— TO DO —
What you return should be the complete data below, word for word, with no pictures in it.

— SUPPLIED DATA —
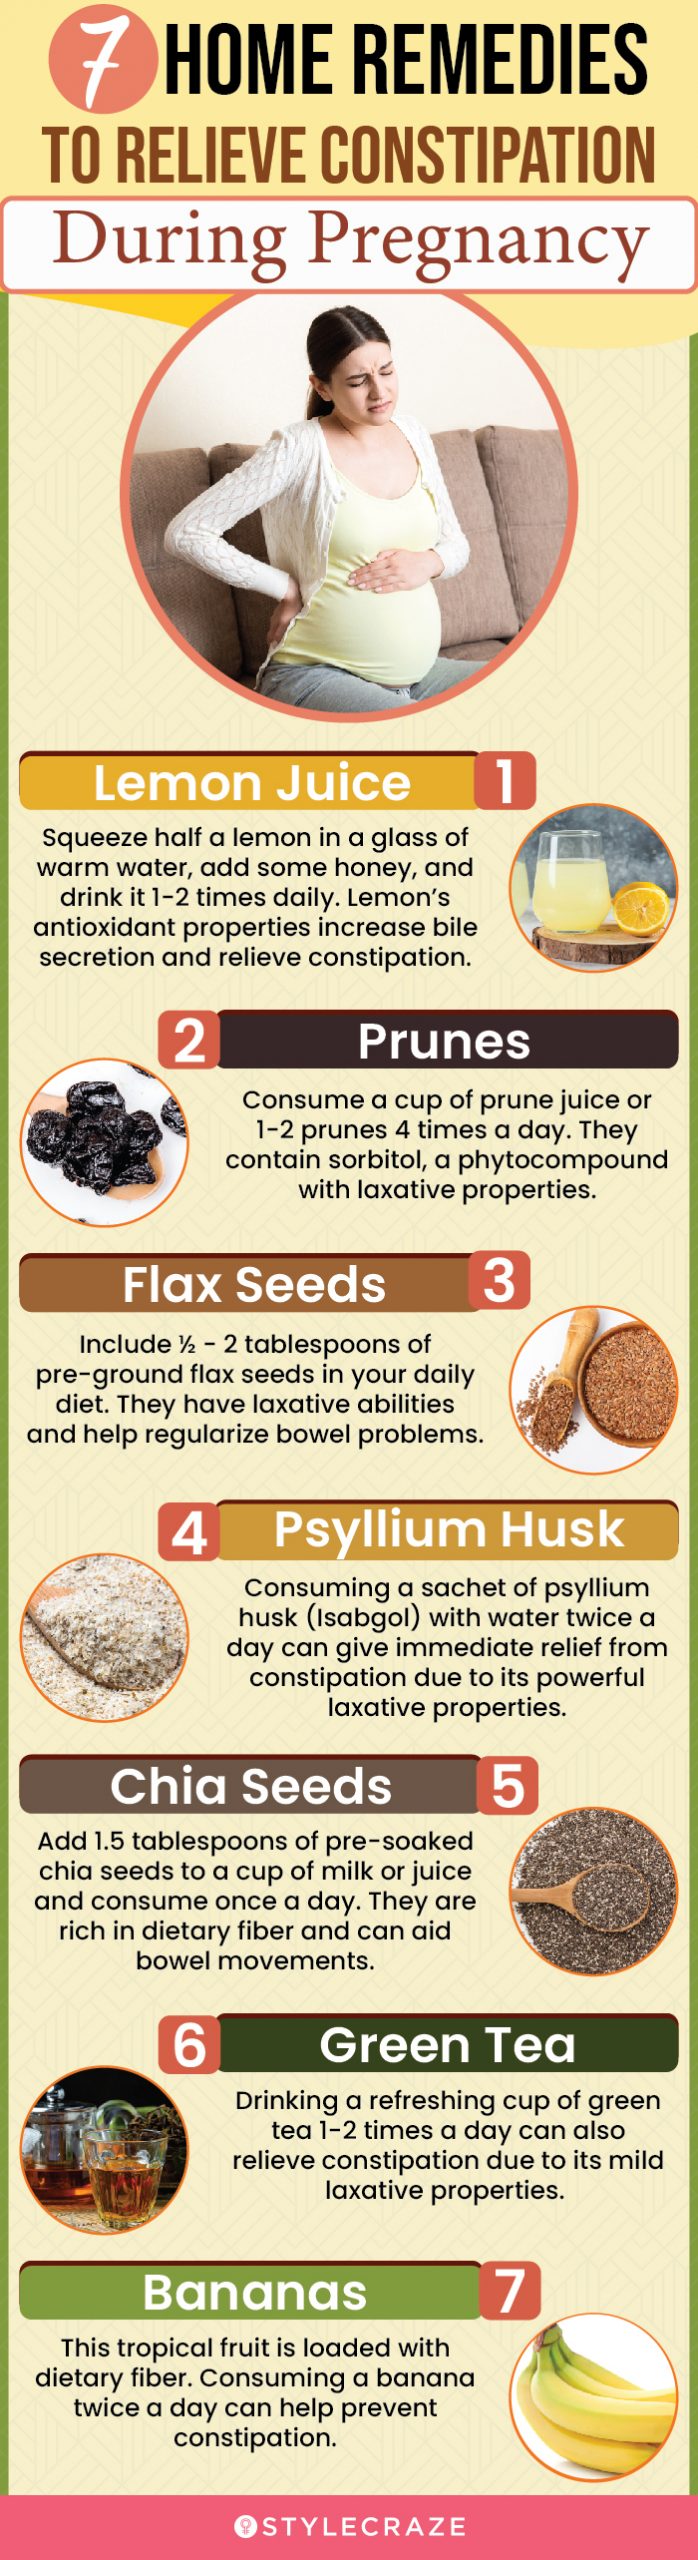 7 home remedies to relieve constipation during pregnancy (infographic)
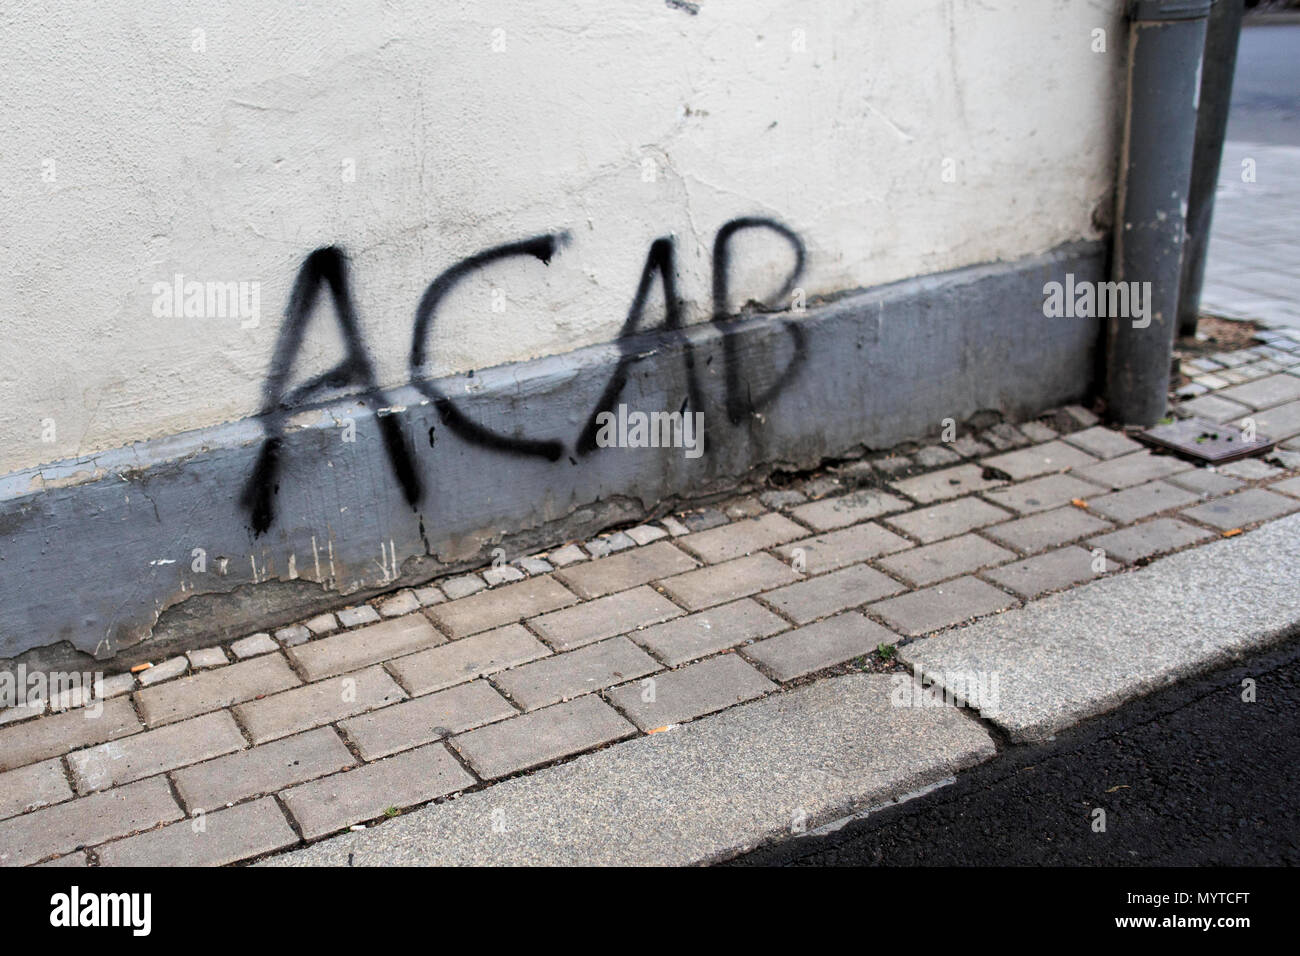 16 May 2018, Germany, Erfurt: A house' facade in old town Erfurt spray painted with the ACAB graffitti. ACAB stands for 'All Cops Are Bastards' and is aimed against police officers. Photo: Carsten Koall/dpa Stock Photo
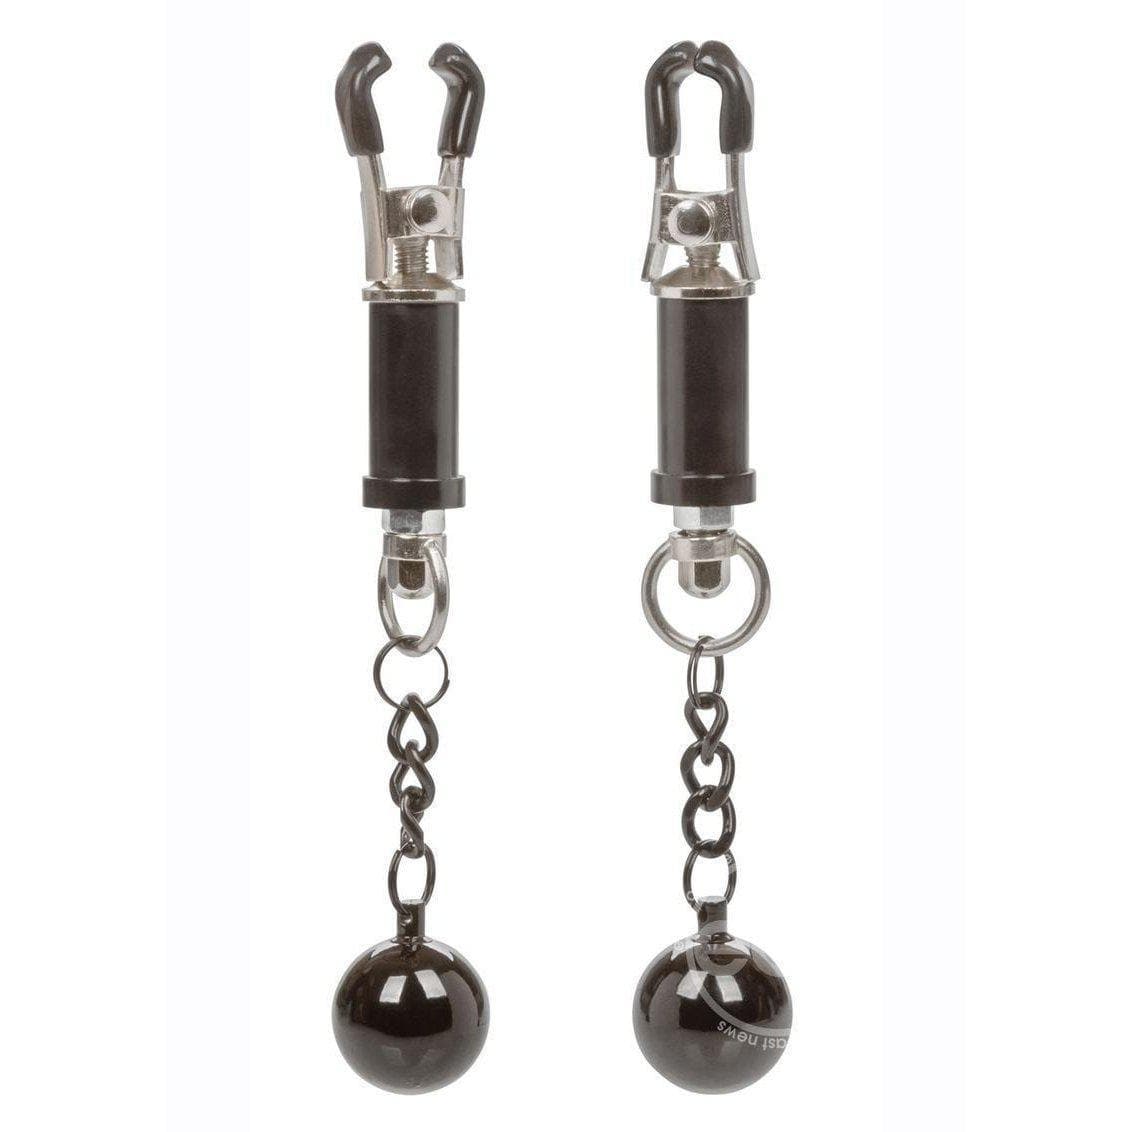 Nipple Grips Weighted Twist Nipple Clamps - Romantic Blessings
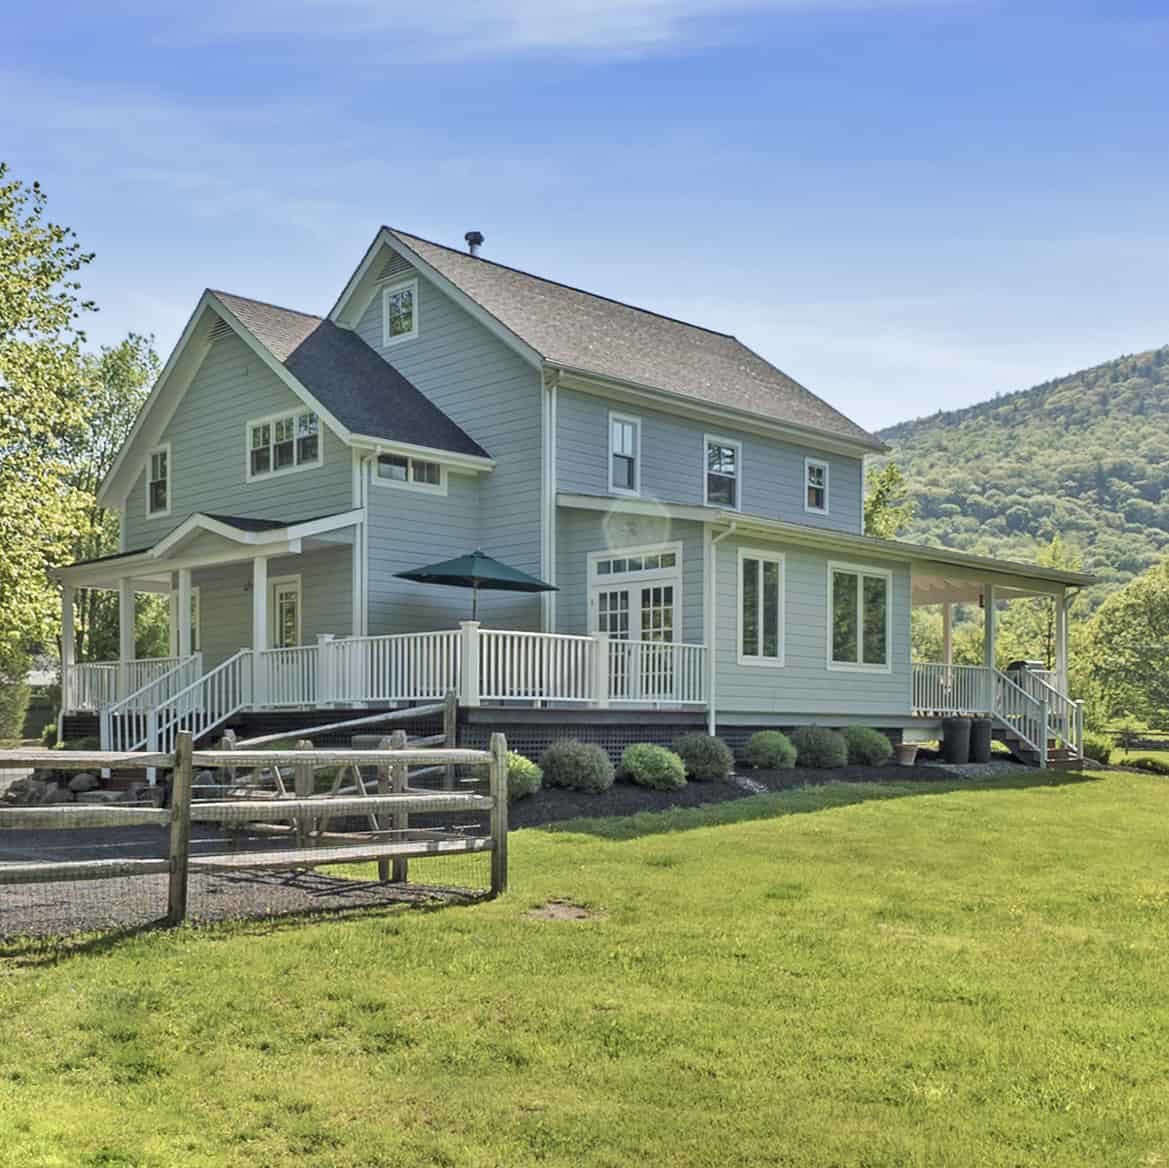 What company sells the most real estate in the Catskills

— ANSWER TO THIS EXERCISE —
 7 home remedies to relieve constipation during pregnancy (infographic)
 16 May 2018, Germany, Erfurt: A house' facade in old town Erfurt spray painted with the ACAB graffitti. ACAB stands for 'All Cops Are Bastards' and is aimed against police officers. Photo: Carsten Koall/dpa Stock Photo
 Nipple Grips Weighted Twist Nipple Clamps - Romantic Blessings
 What company sells the most real estate in the Catskills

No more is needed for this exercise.